Anthony "Anton" Rodgers (10 January 1933 – 1 December 2007) was an English actor and occasional director. He performed on stage, in film, in television dramas and sitcoms. He starred in several sitcoms, including Fresh Fields (ITV, 1984–86), its sequel French Fields (ITV, 1989–91), and May to December (BBC, 1989–94).

Early life and career
Rodgers was born in Ealing, the son of William Robert Rodgers and Leonore Victoria (née Wood). His early education was at Westminster City School. The family were evacuated to Wisbech, Isle of Ely during the war, where his father worked for Balding and Mansell, printers of ration books, permits and passes; Rodgers was sometimes erroneously reported as having been born in Wisbech. Later he was educated at the Italia Conti Academy and LAMDA. He appeared on stage from the age of 14. He was known for his television performances, specifically his long-running roles in the television sitcoms Fresh Fields in the 1980s and May to December from 1989 to 1994.

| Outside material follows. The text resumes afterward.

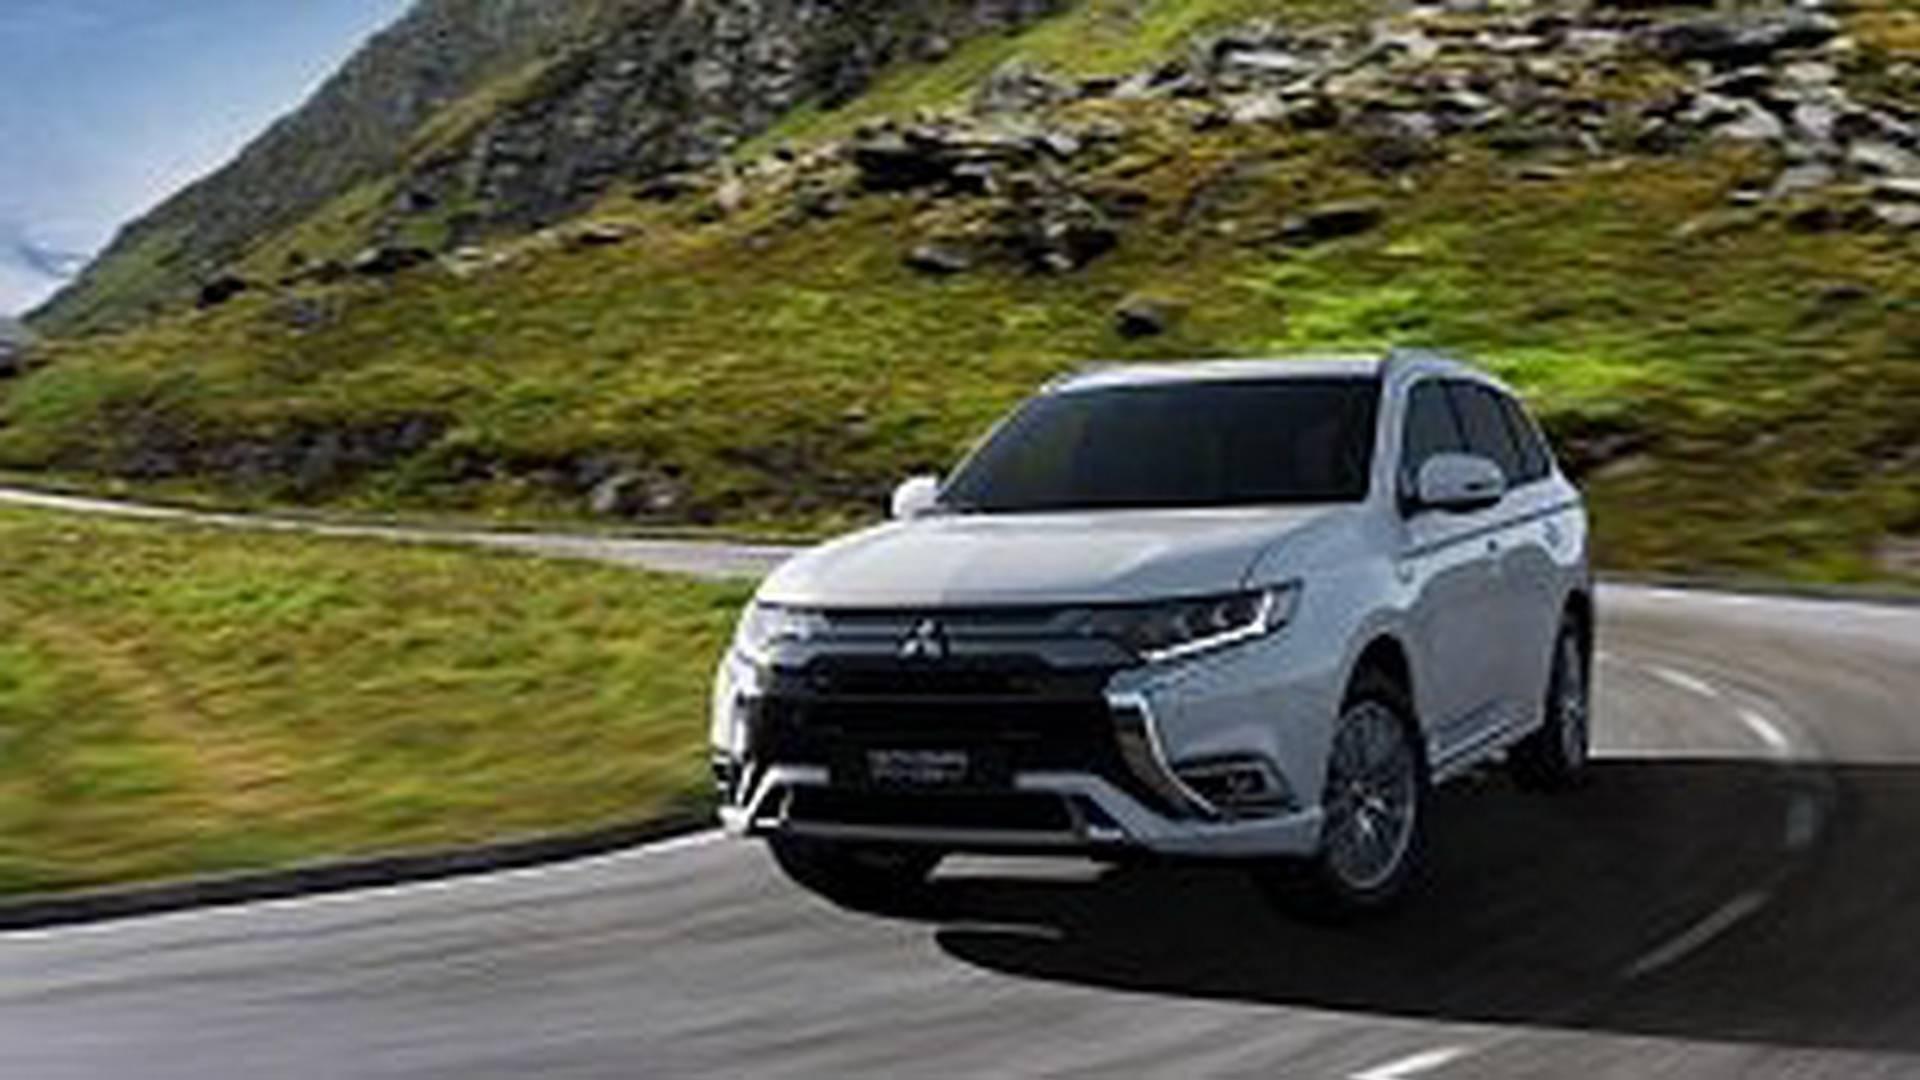 Mitsubishi Outlander PHEV is still Britain's most popular plug-in
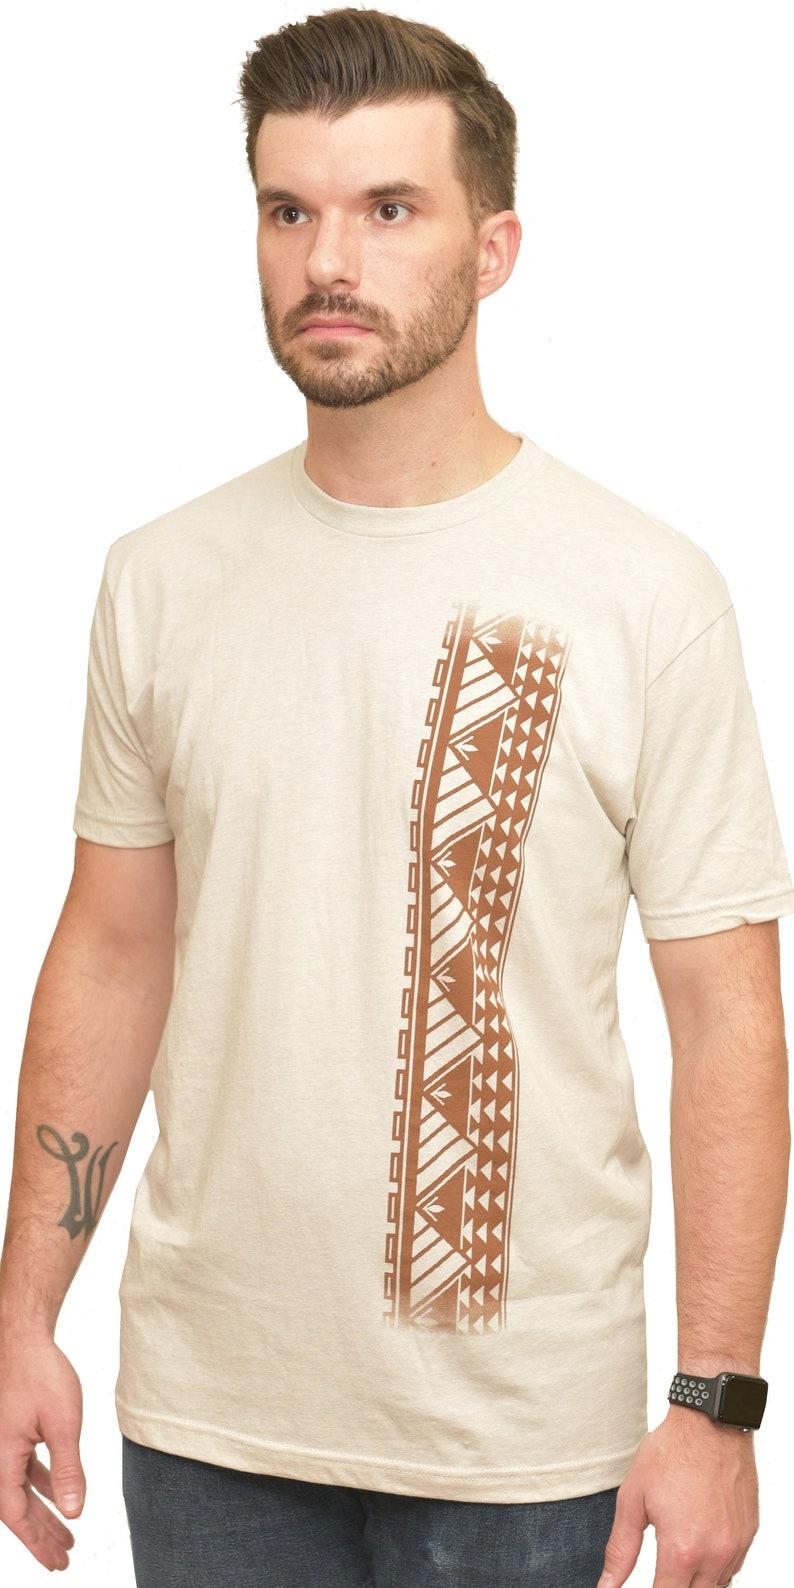 9c015d2e1e2c Ori Active Men's Long Sleeve Cotton Shirt with Samoan   Etsy

He also had a long career both on stage and in film. His stage roles ranged from contemporary comedy and satirical farce to Restoration comedy, Ibsen, Shaw and Wilde and Peter Nichols. He appeared in films such as The Man Who Haunted Himself (1970), Scrooge (1970, in which he performed the Academy Award-nominated Best Original Song "Thank You Very Much"), The Day of the Jackal (1973), and The Fourth Protocol (1987). He also narrated the children's animated TV series Old Bear Stories and appeared as Andre, the comically corrupt French policeman who aided Michael Caine in his romantic/financial schemes in Dirty Rotten Scoundrels.

He narrated programmes for the railway video production company Video 125, including Cornish Branchlines: A Drivers Eye View.

Personal life
Rodgers first married Morna Watson, a ballet dancer, in Kensington in 1959, and they had a son and a daughter and later divorced. Rodgers's second wife was the actress Elizabeth Garvie; they frequently appeared on stage together and toured giving readings from the works of Jane Austen and Robert Browning, among others. 

He was a patron of the Angles Theatre, Wisbech.

Rodgers died in Reading, Berkshire on 1 December 2007, aged 74.  At the time of his death, he was a resident of Whitchurch-on-Thames, Oxfordshire.

Credits

Theatre
Rodgers made his first West End appearance in 1947, aged 14, in Carmen at the Royal Opera House, Covent Garden. He followed this in same year with a tour of an adaptation of Charles Dickens' Great Expectations playing Pip, and the title role in a revival of Terence Rattigan's The Winslow Boy which toured the UK in 1948.  After repertory experience at Birmingham, Northampton and Hornchurch, he trained at LAMDA.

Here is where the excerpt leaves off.